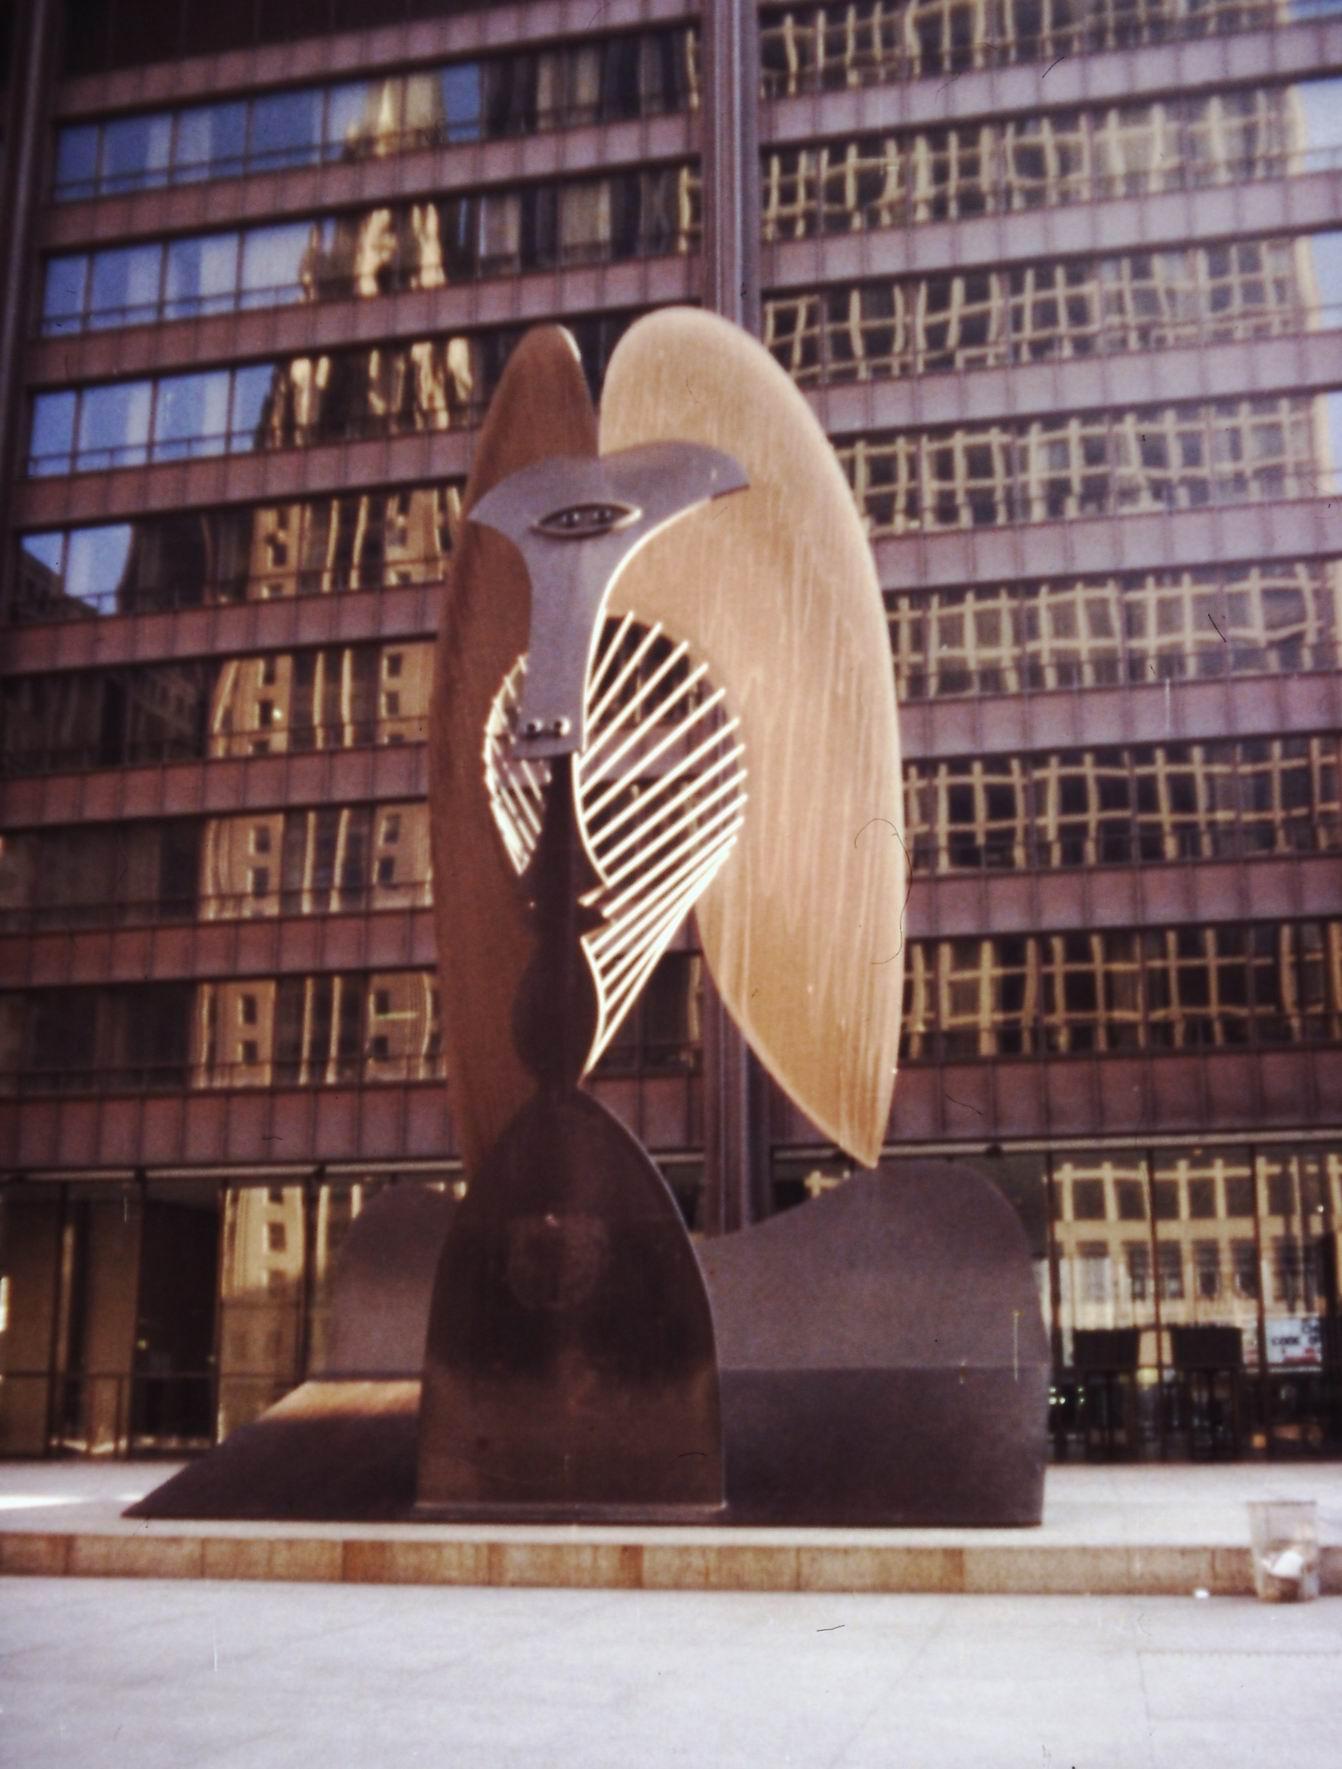 Picassova plastika (1967) před Civic Center v Chicagu
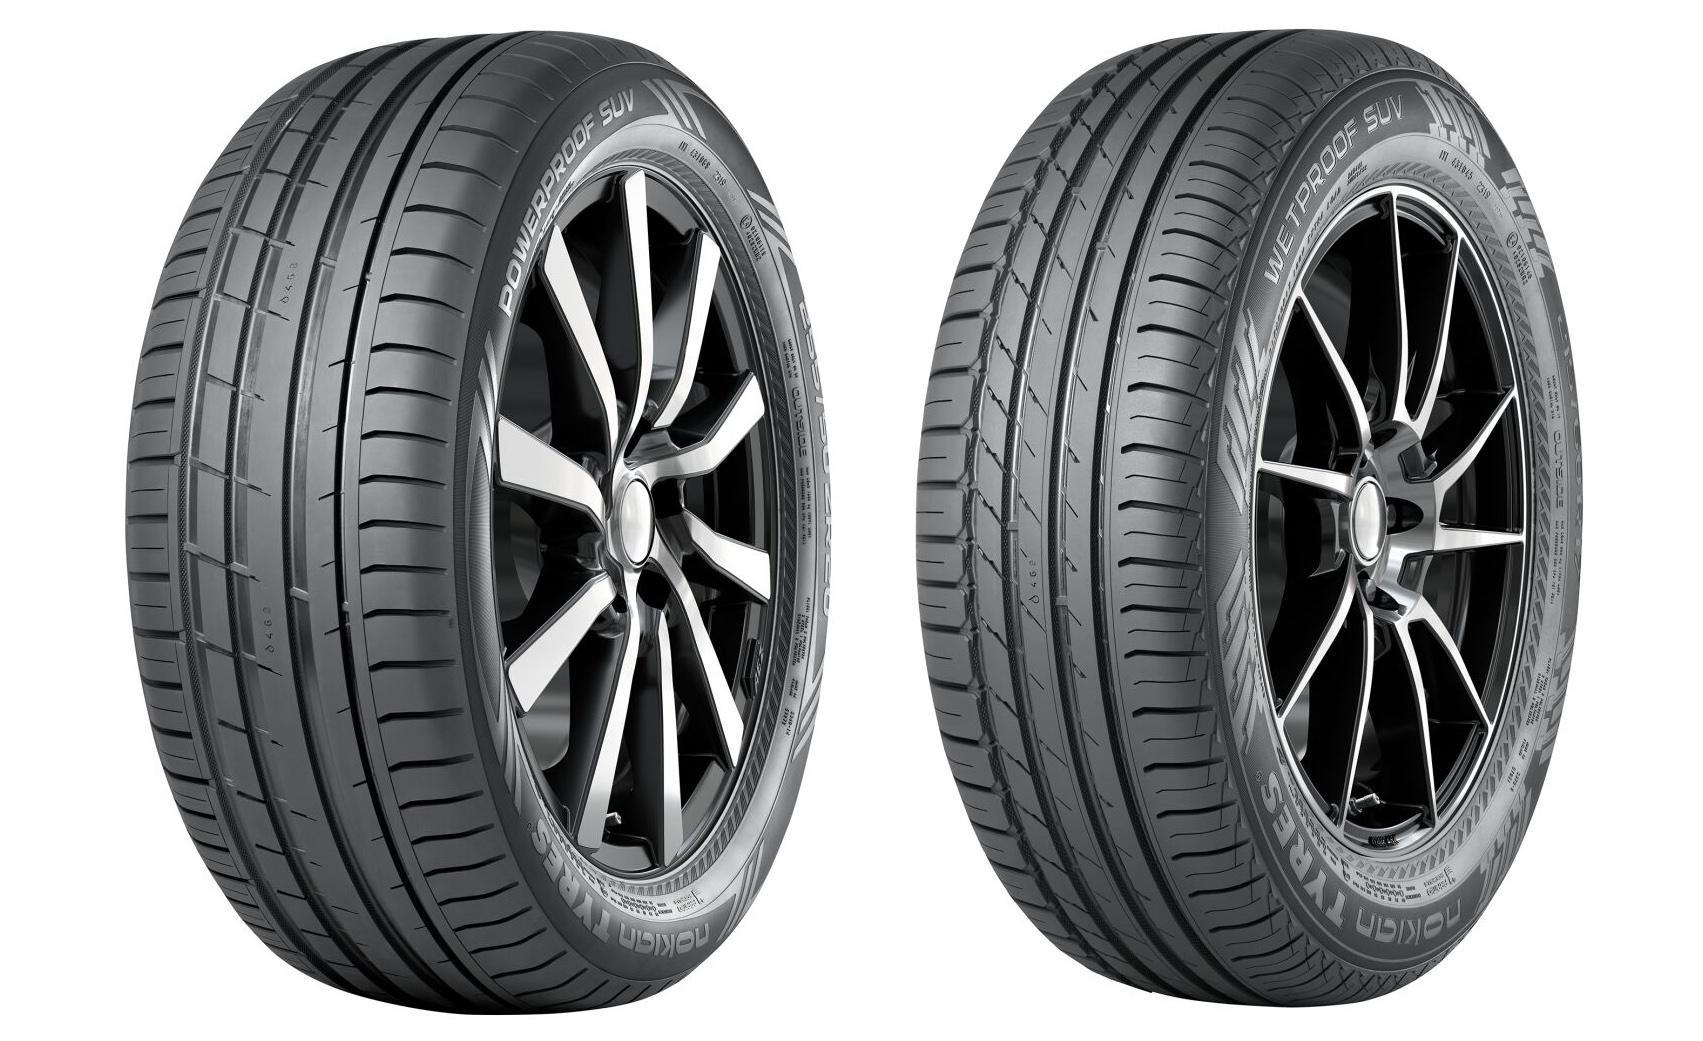 Nokian Tyres представила новые модели летних шин Powerproof SUV и Wetproof SUV
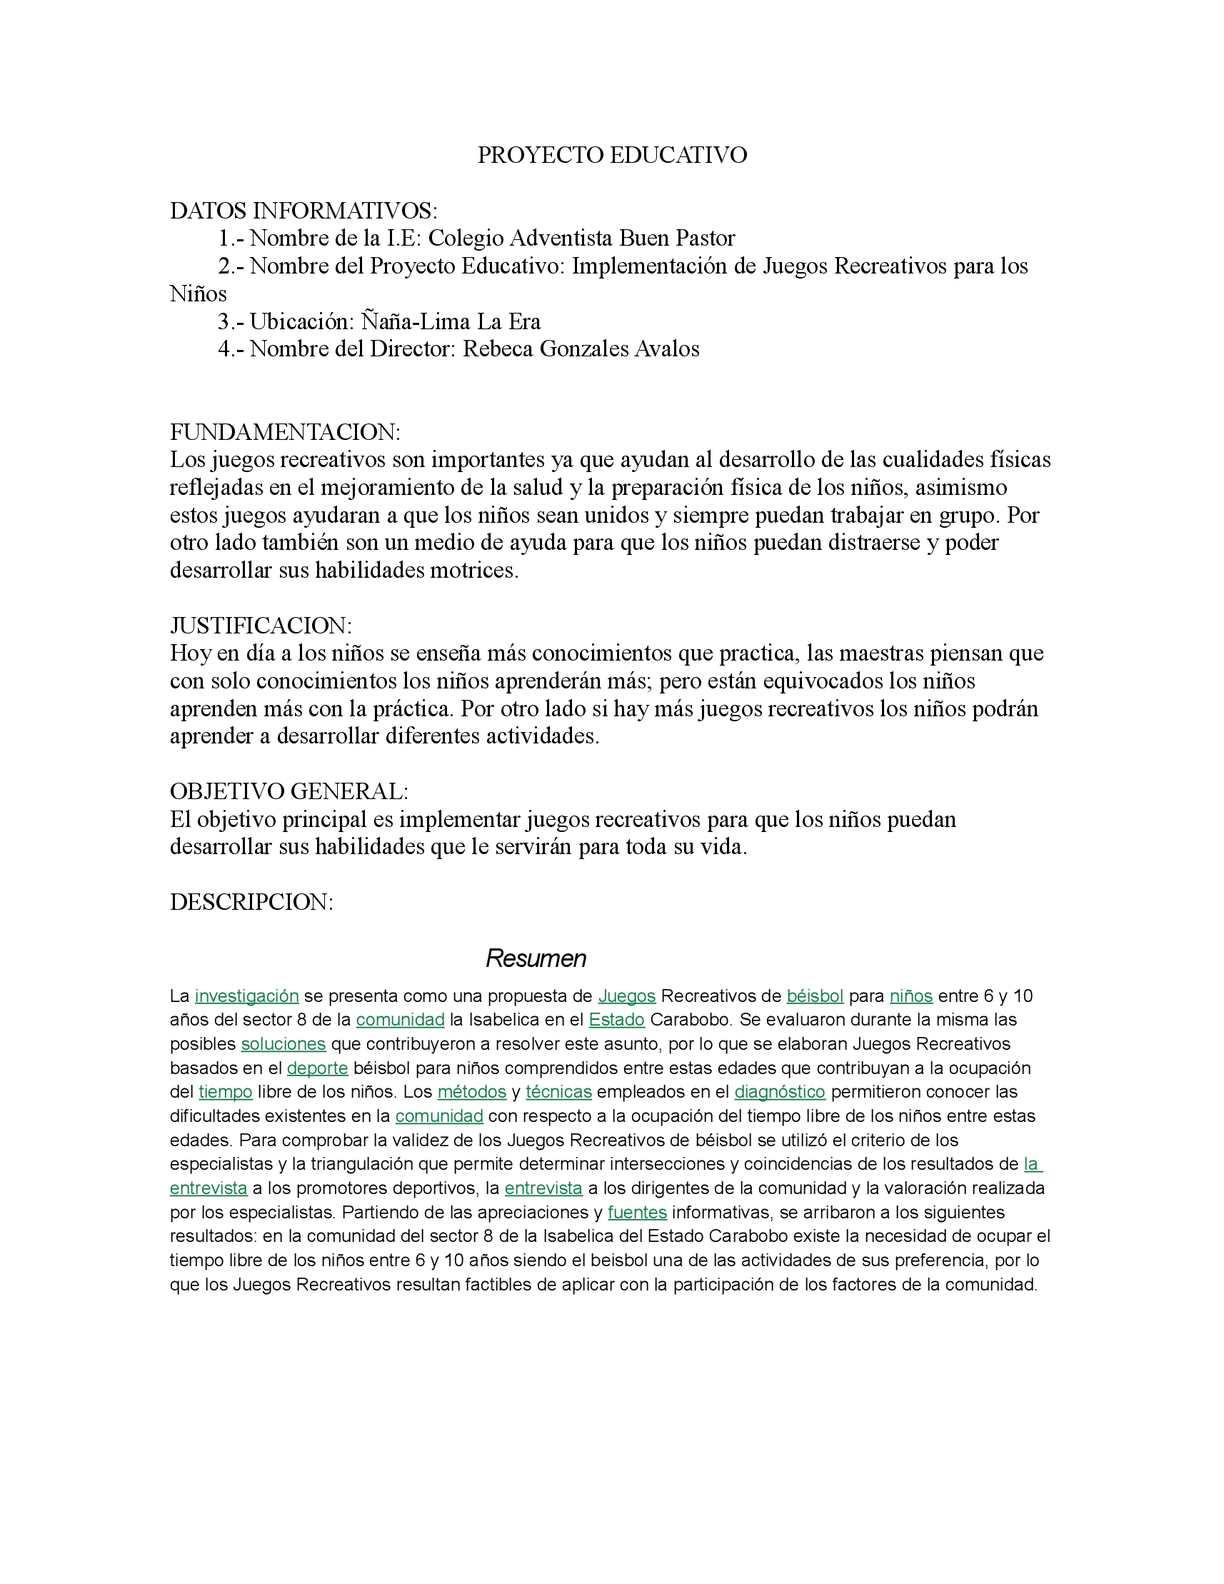 Calaméo - PROYECTO EDUCATIVO - IMPLEMENTACIÓN DE JUEGOS RECREATIVOS

★ ★ ★

Extract, word for word, every line from the one containing "Nokian Tyres представила" to the end of the data above, both ends included, and leave out the pictures.

Task result:
 Nokian Tyres представила новые модели летних шин Powerproof SUV и Wetproof SUV
 Calaméo - PROYECTO EDUCATIVO - IMPLEMENTACIÓN DE JUEGOS RECREATIVOS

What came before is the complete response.